• **Task goal**: For the material below, the expected output is exactly the lines between the line holding "初回限定♡10本アートコース¥9,720→¥3,880" and the line holding "Appartamento esclusivo di", inclusive, with pictures left out.

• **Exercise material**:
....
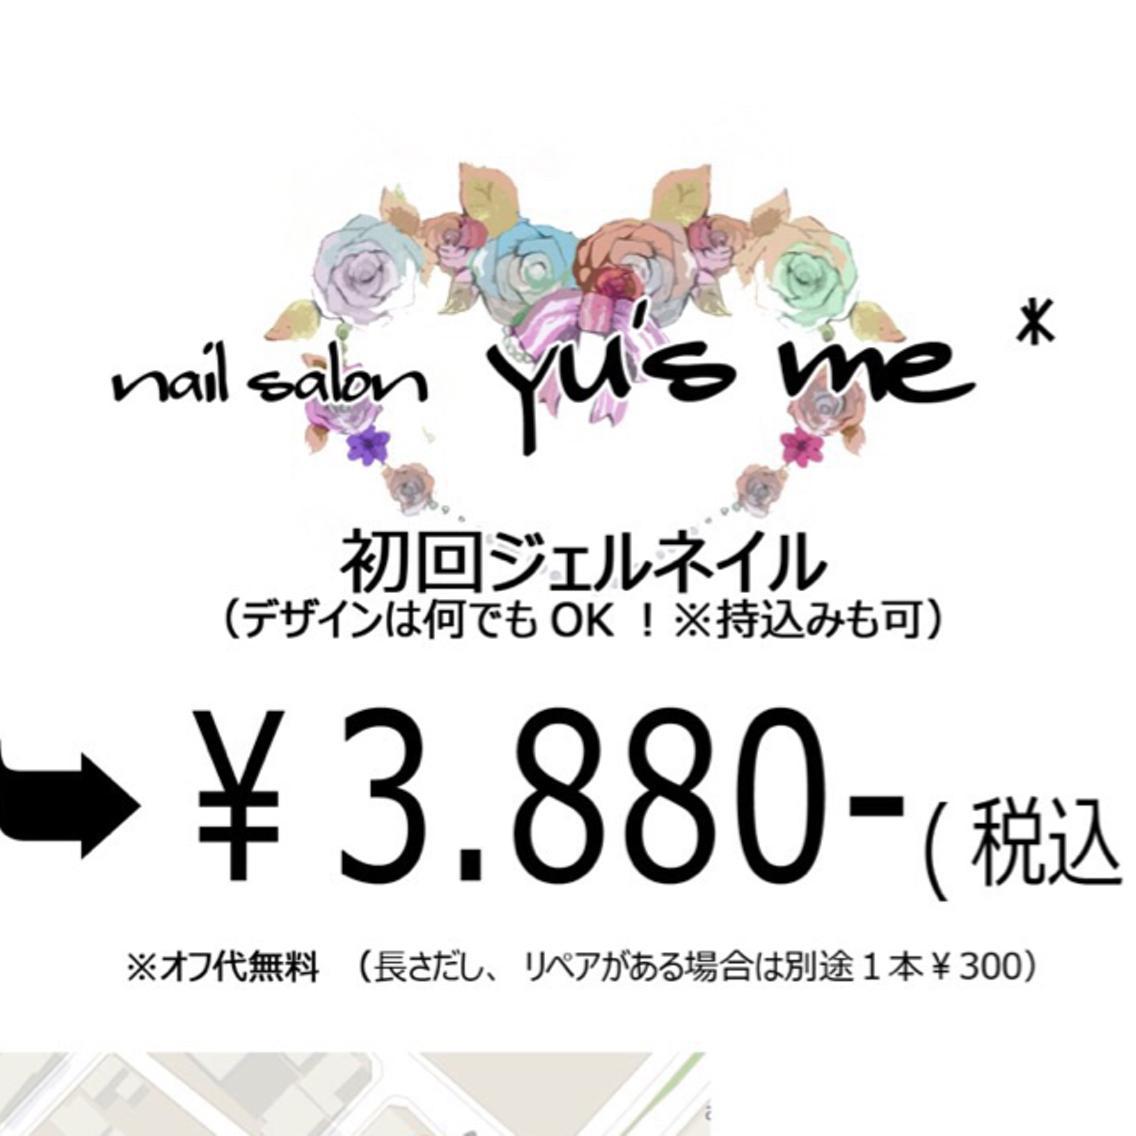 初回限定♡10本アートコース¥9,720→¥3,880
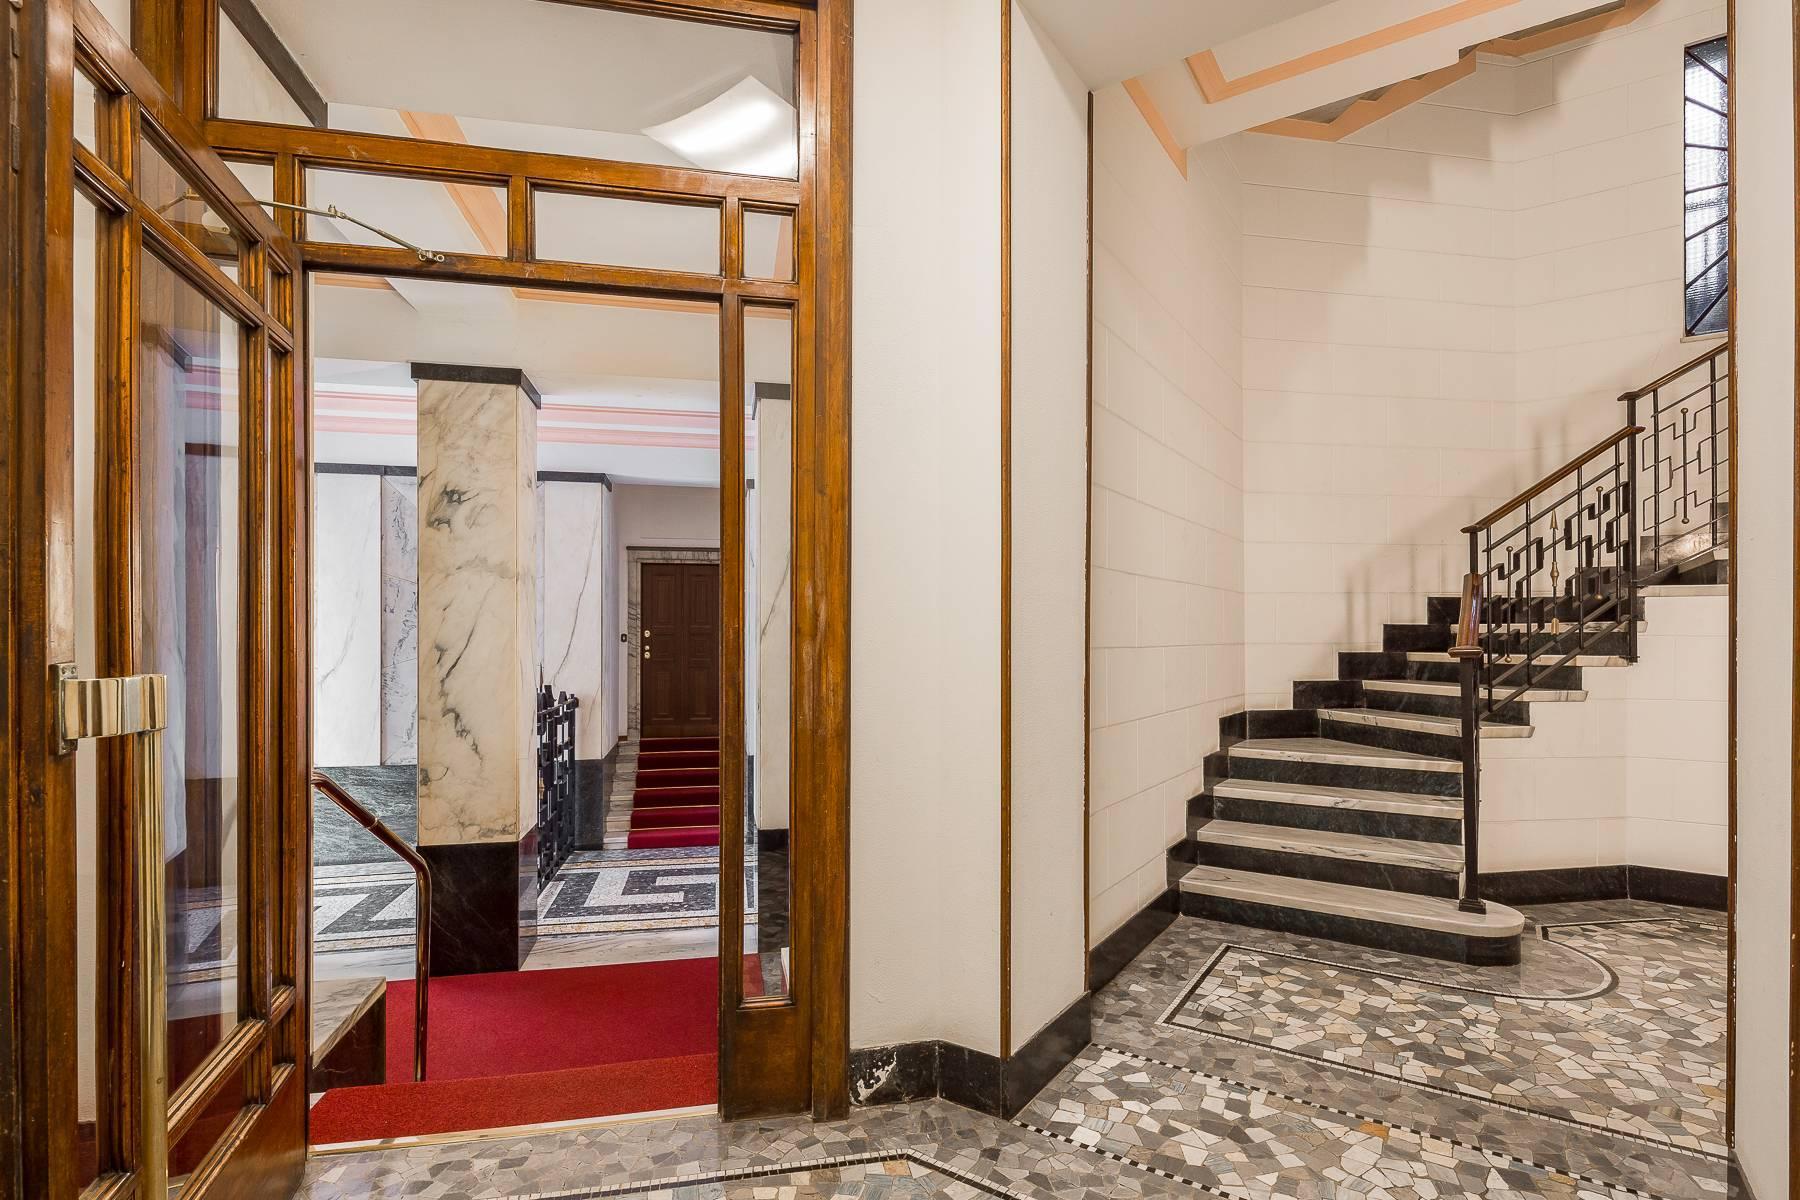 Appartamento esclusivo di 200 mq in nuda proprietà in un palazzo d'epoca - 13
....
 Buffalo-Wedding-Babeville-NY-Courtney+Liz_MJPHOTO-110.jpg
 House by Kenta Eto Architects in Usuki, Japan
....
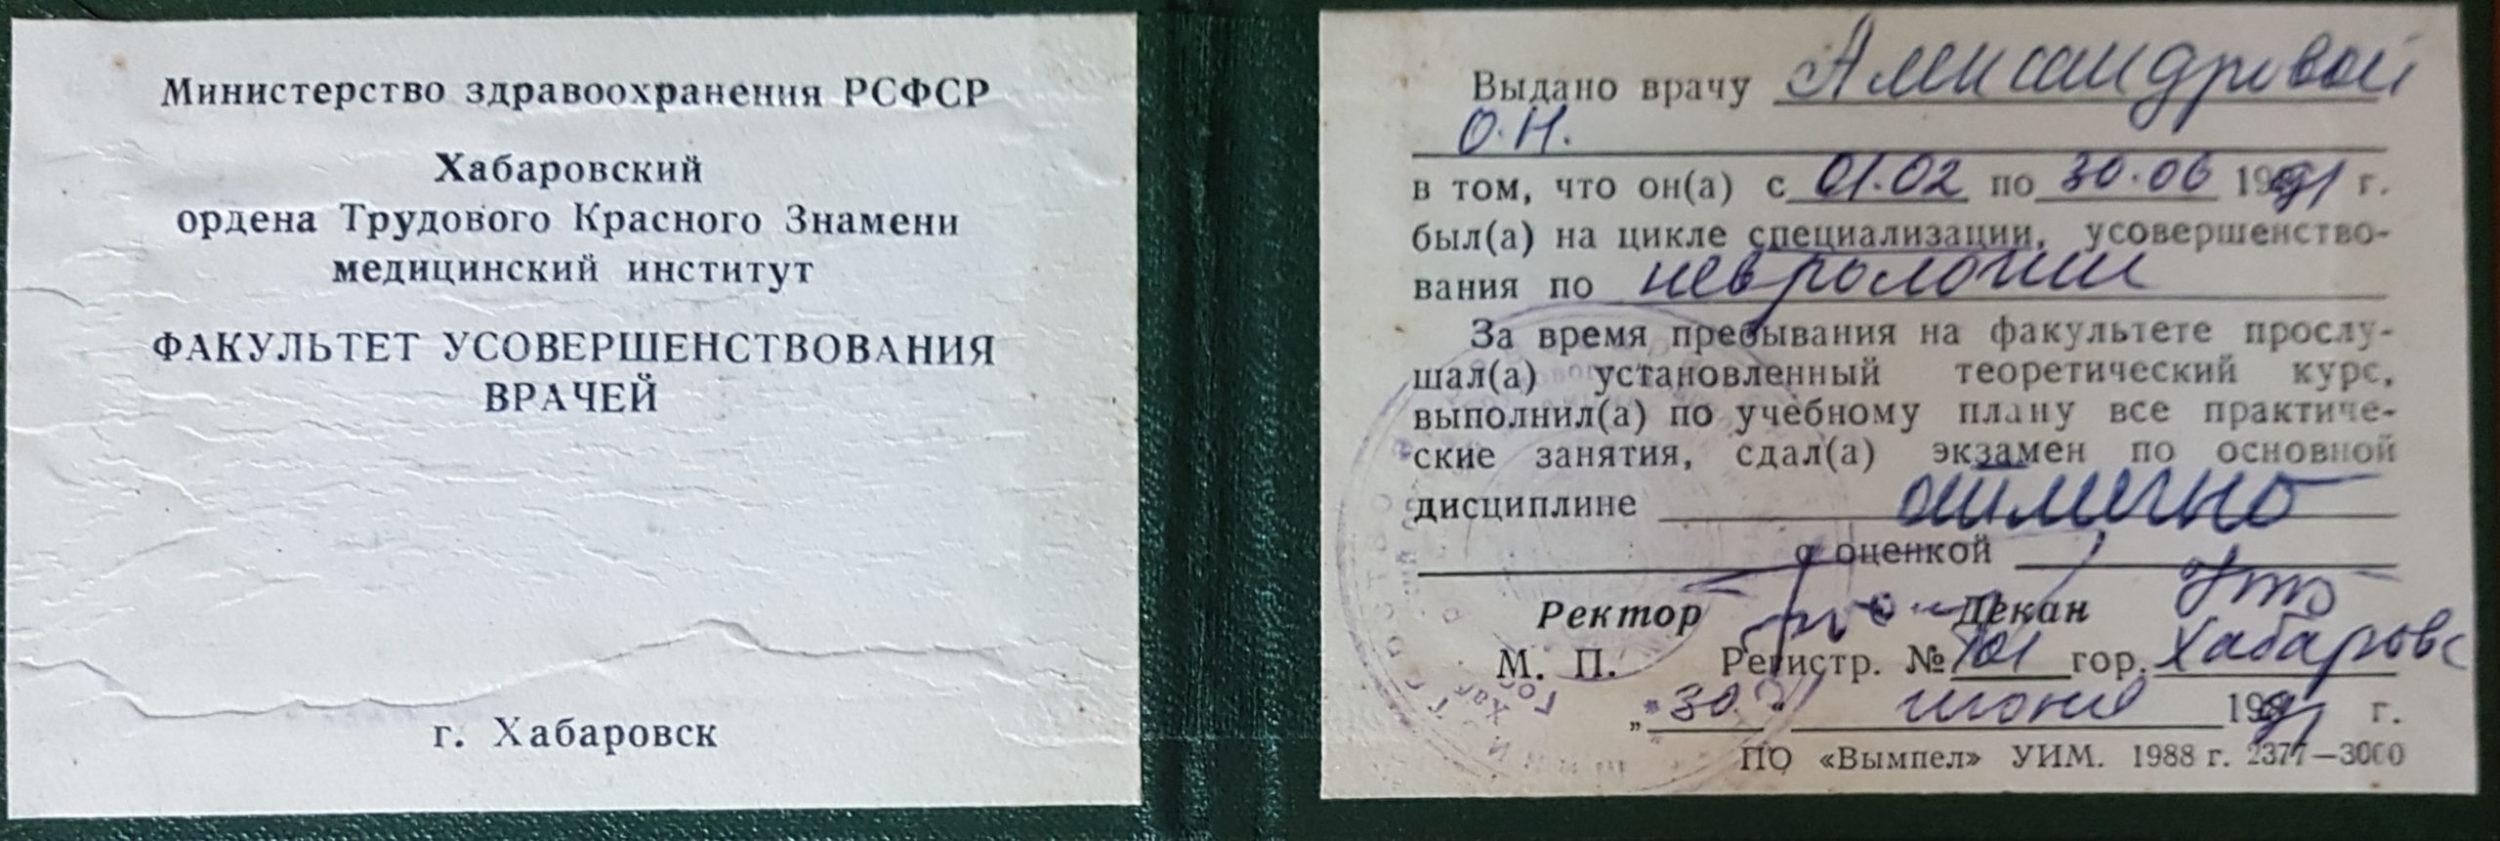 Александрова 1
....
• **Response box**:
 初回限定♡10本アートコース¥9,720→¥3,880
 Appartamento esclusivo di 200 mq in nuda proprietà in un palazzo d'epoca - 13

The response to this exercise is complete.